复习总结提高版 – 递归解法
#include <stdio.h>
#include <stdlib.h>
#define not !
#define and &&
#define or ||
#define ri register int
#define rep(inc, frm, to) for (ri inc = frm; inc < (to); ++inc)
#define rep2(inc, frm, to) for (ri inc = frm; inc > (to); --inc)
#define r() fast_read()
typedef long long int ll;
ll fast_read(void) {
ll n = 0, sign = 1;
char c = getchar();
while (c < 48 or c > 57) {
if (c == '-') sign = ~0;
c = getchar();
}
while (c >= 48 and c <= 57) {
n = (n << 1) + (n << 3) + (c ^ 48);
c = getchar();
}
return sign * n;
}
// 数学归纳法
int solve(int n, int y, int x) {
if (y == 1) return x;
if (x == n) return n - 1 + y;
if (y == n) return 3 * n - 1 - x;
if (x == 1) return 4 * n - 2 - y;
return 4 * (n - 1) + solve(n - 2, y - 1, x - 1);
}
signed main(int argc, char const *argv[]) {
int n = r(), y = r(), x = r();
printf("%d\n", solve(n, y, x));
return ~~(0 ^ 0);
}
没有什么算法思想。
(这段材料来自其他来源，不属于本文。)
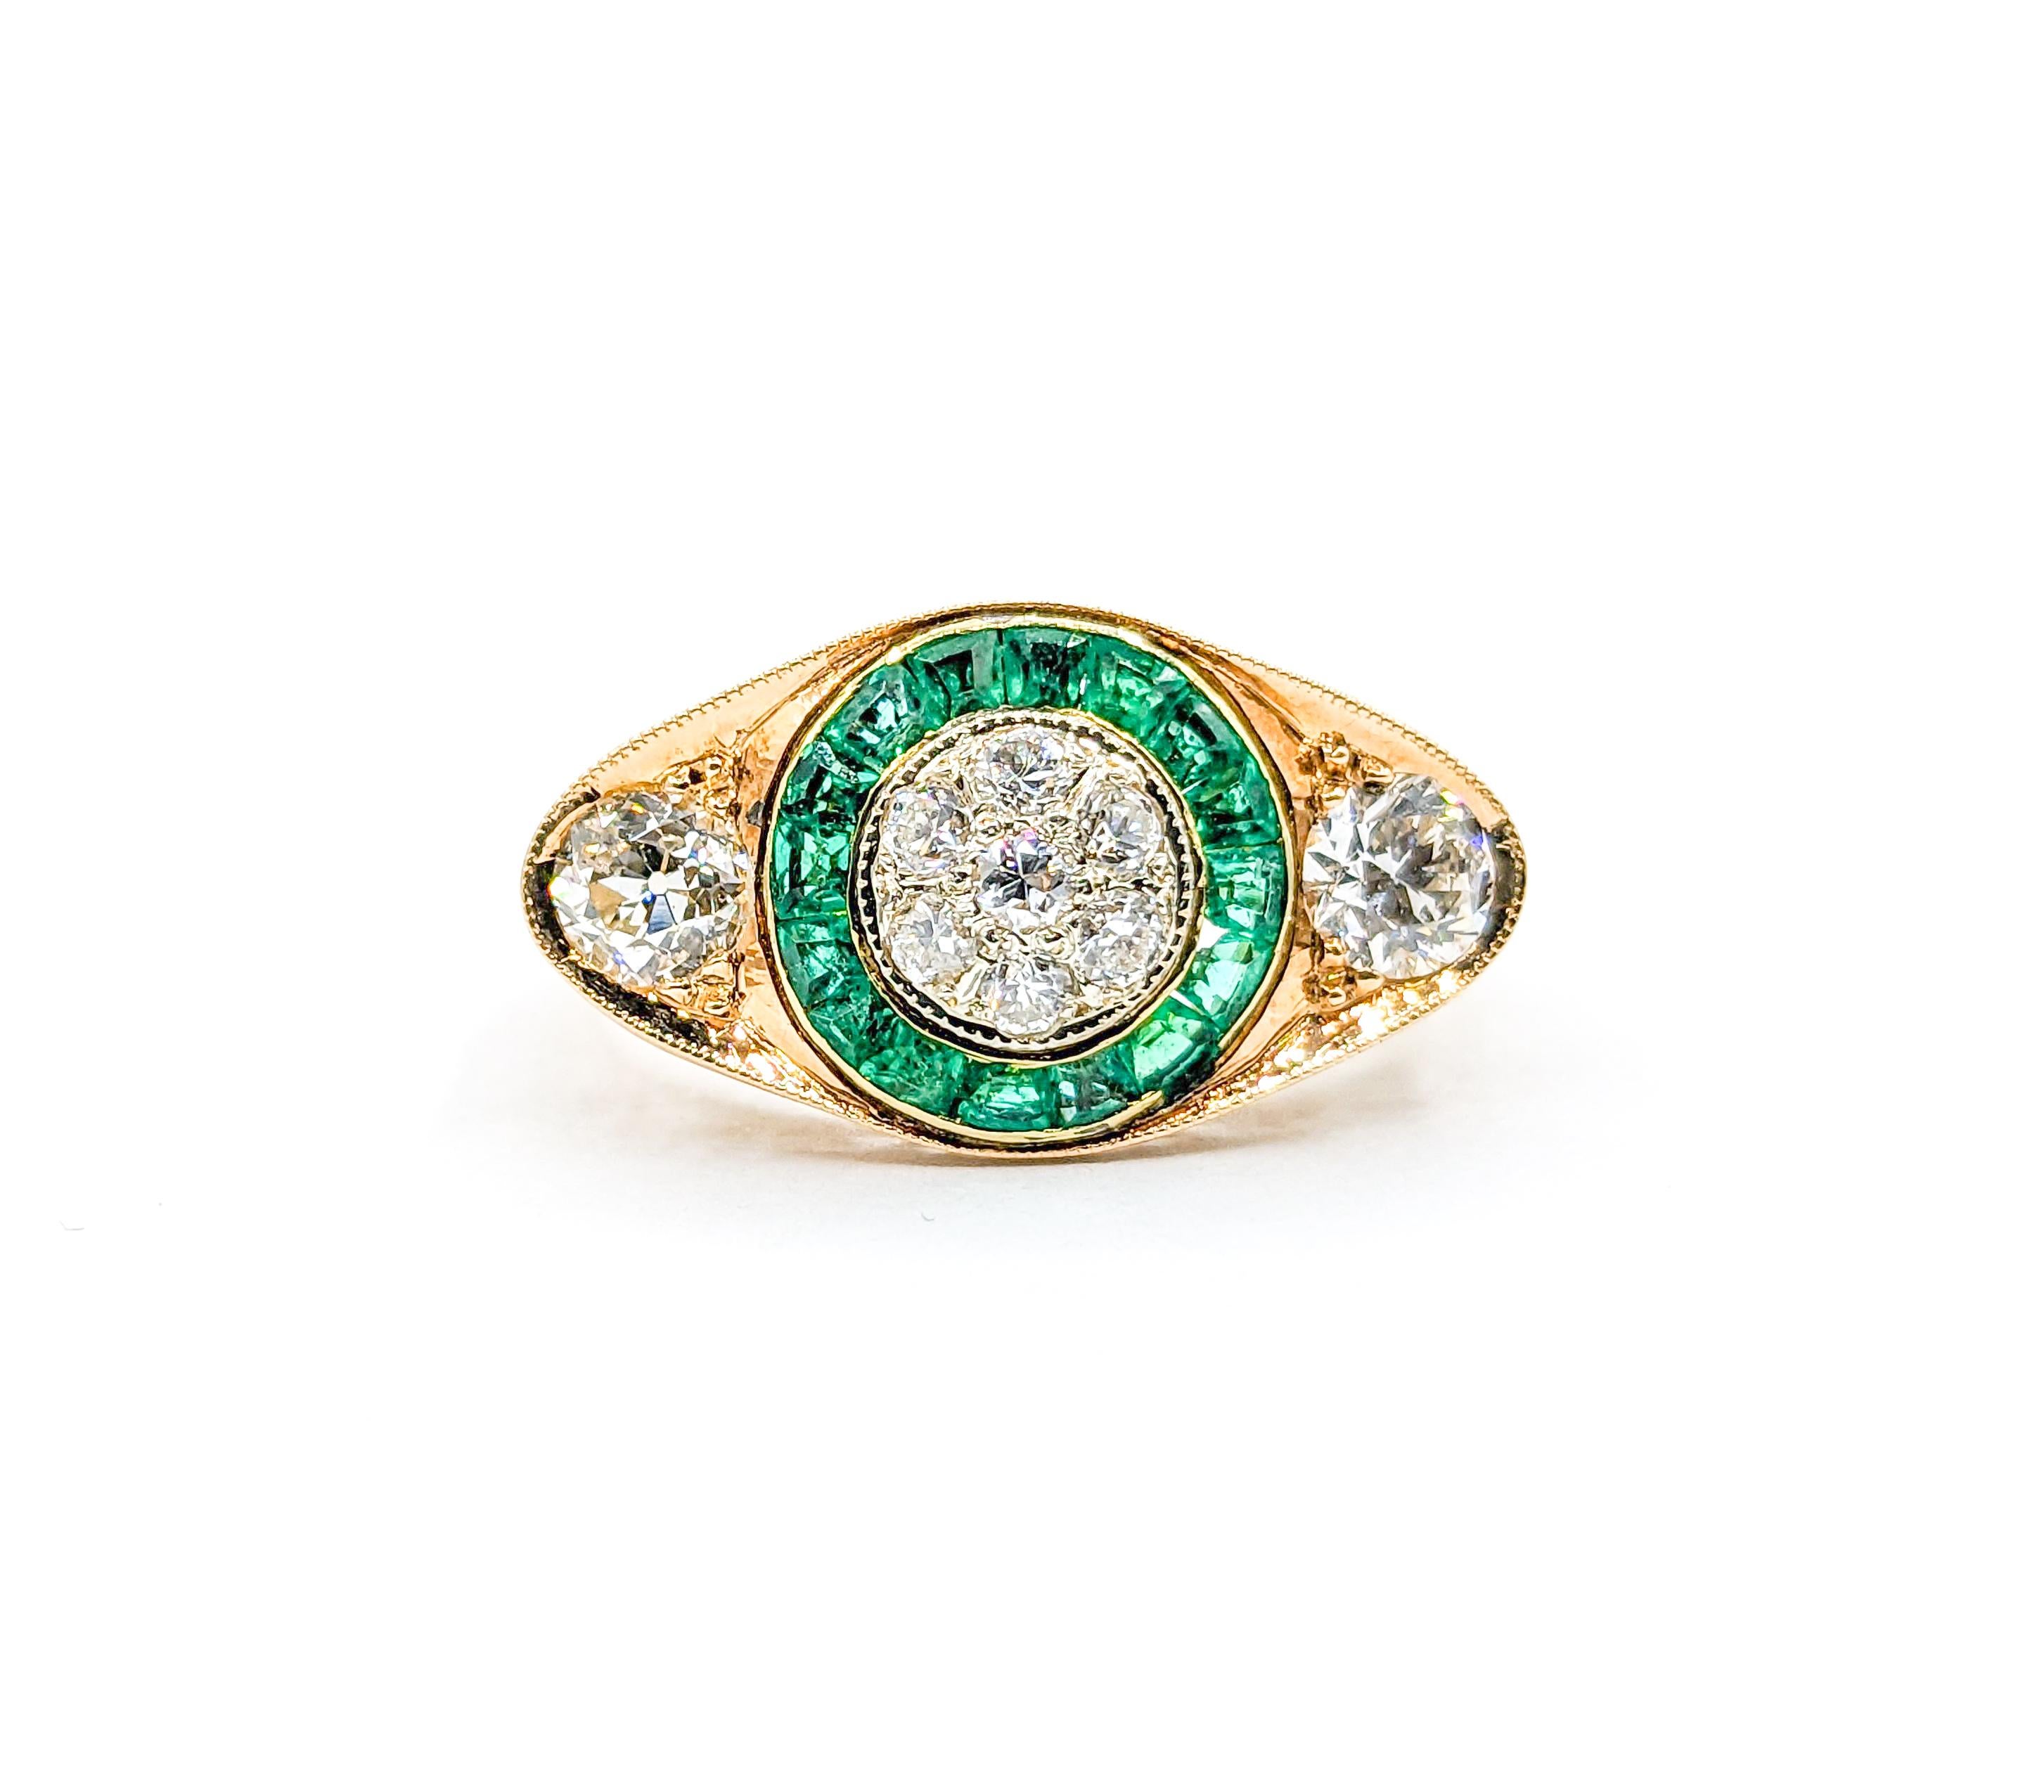 Antique Old European Diamond & Emeralds Target Ring in 14K Gold For Sale 6
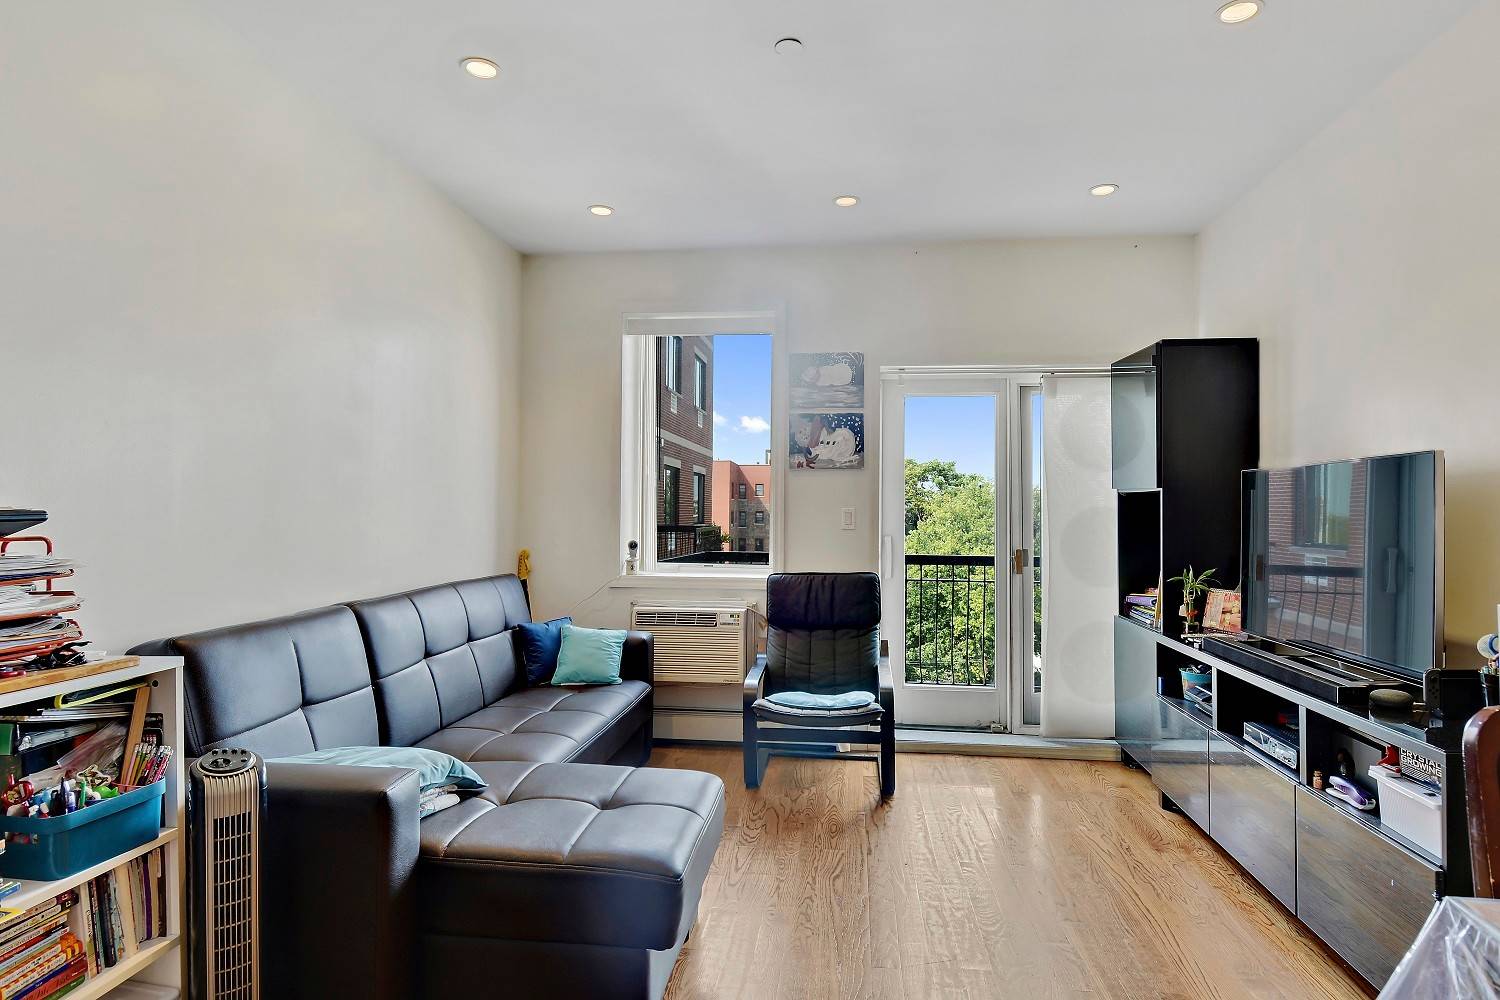 Bright and beautiful 2 bedroom and 2 bathroom condo in the heart of Bensonhurst.

。。计算的底功还是有的,算不出硬算!!
#include <iostream>
using namespace std;
int n, i, j;
int main(void) {
scanf("%d %d %d", &n, &i, &j);
int left = j, right = n - j + 1, top = i, bottom = n - i + 1;
int l = min(left, min(right, min(top, bottom)));
int ans = 1, r = l, c = l;
for (int i = 1; i < l; ++i) {
ans += 4 * (n - 1); // 第l层左上角的第一个数为ans
n -= 2; // 第l层的子矩阵大小减少2
}
// 接下来分四种情况讨论
if (i == r) // 子矩阵第一行
ans += j - c;
else if (j == c + n - 1) // 子矩阵最后一列
ans += n - 1 + i - r;
else if (i == r + n - 1) // 子矩阵最后一行
ans += 2 * (n - 1) + (n - 1 - (j - c));
else if (j == c) // 子矩阵第一列
ans += 3 * (n - 1) + (n - 1 - (i - r));
printf("%d\n", ans);
}